La crisis que paralizó el rascacielos

El parón llegó en plena crisis empresarial y financiera que golpeó a dos actores clave. En 2017, la campaña anticorrupción saudí llevó a la detención de Alwaleed bin Talal, vinculado al promotor a través de Kingdom Holding, y de Bakr bin Laden, entonces presidente de Saudi Binladin Group. El contratista arrastraba además dificultades económicas y la construcción terminó detenida en 2018.

Volver a arrancar necesitó bastante más que anuncios y calendarios sobre el papel. La finalización quedó de nuevo en manos de Saudi Binladin Group, el mismo contratista de la primera etapa, con un plazo previsto de 42 meses. Si se cumple sin nuevos retrasos, las obras deberían acabar hacia abril de 2028, aunque todavía no hay fecha firme de apertura.
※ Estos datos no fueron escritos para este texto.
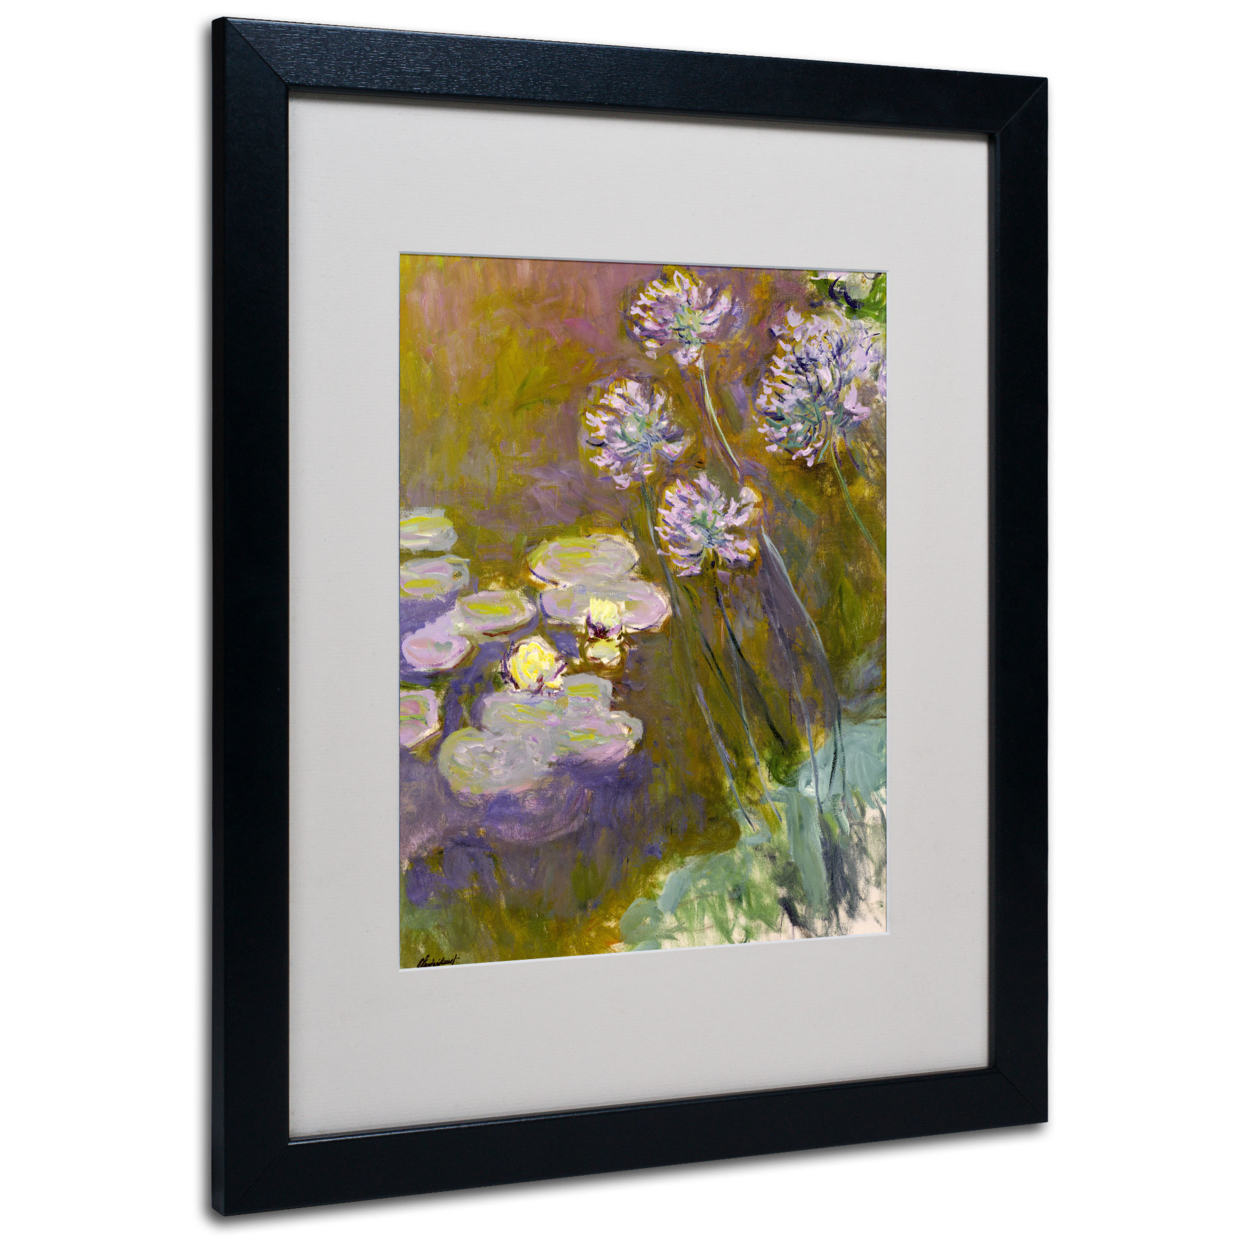 Claude Monet 'Waterlilies And Agapanthus' Black Wooden Framed Art 18 X 22 Inches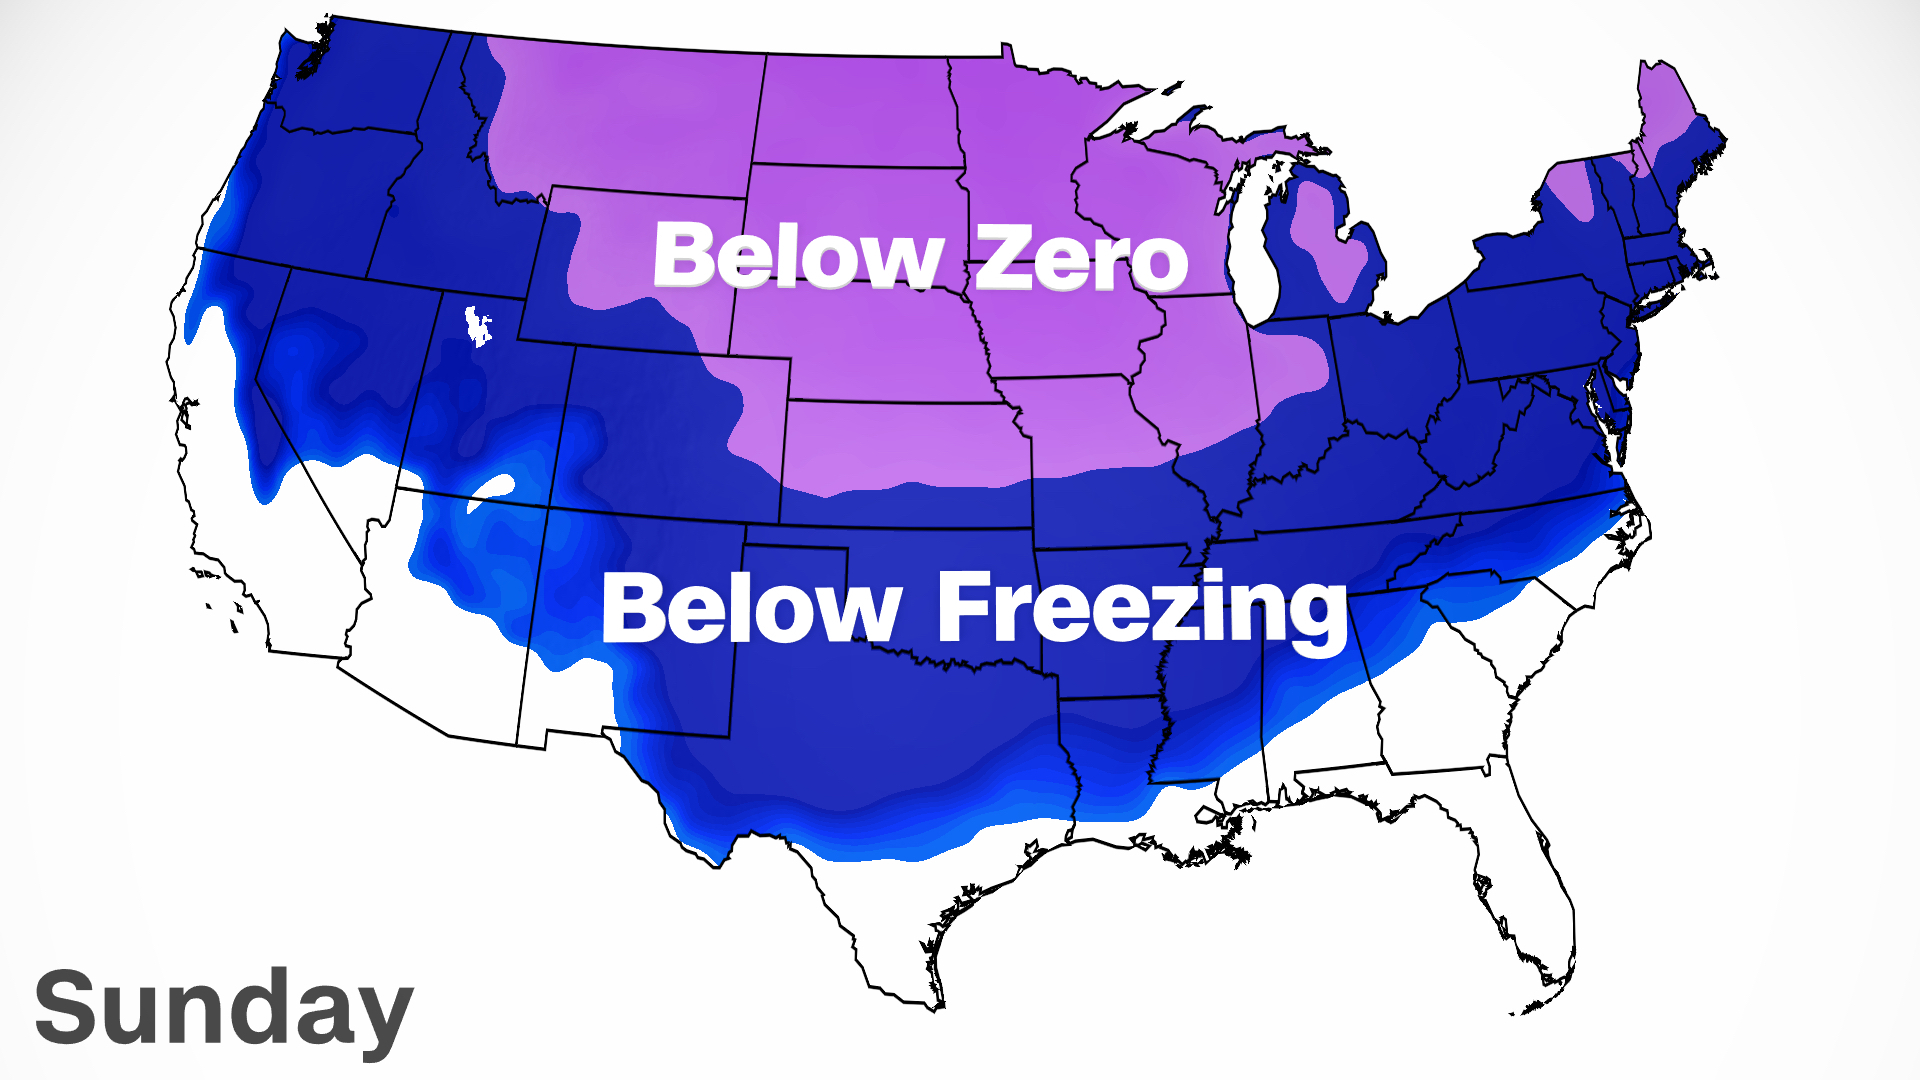 The Coldest Air in Years Is Hitting Parts of the US

Lo decisivo llegó después, cuando el ritmo se mantuvo durante todo 2025 y lo que va de 2026.

Volver a crecer no significa estar cerca de terminar. El revestimiento de la fachada y las primeras instalaciones mecánicas, eléctricas y de fontanería ya están en marcha, pero falta completar buena parte de esos trabajos, además de los ascensores, los sistemas de seguridad, los acabados y todas las pruebas antes de abrir. Hasta entonces, el Burj Khalifa seguirá conservando oficialmente el récord mundial. Arabia Saudí ya ha demostrado que puede devolver la torre a la actividad. El siguiente reto será mantener la financiación y terminar lo que empezó.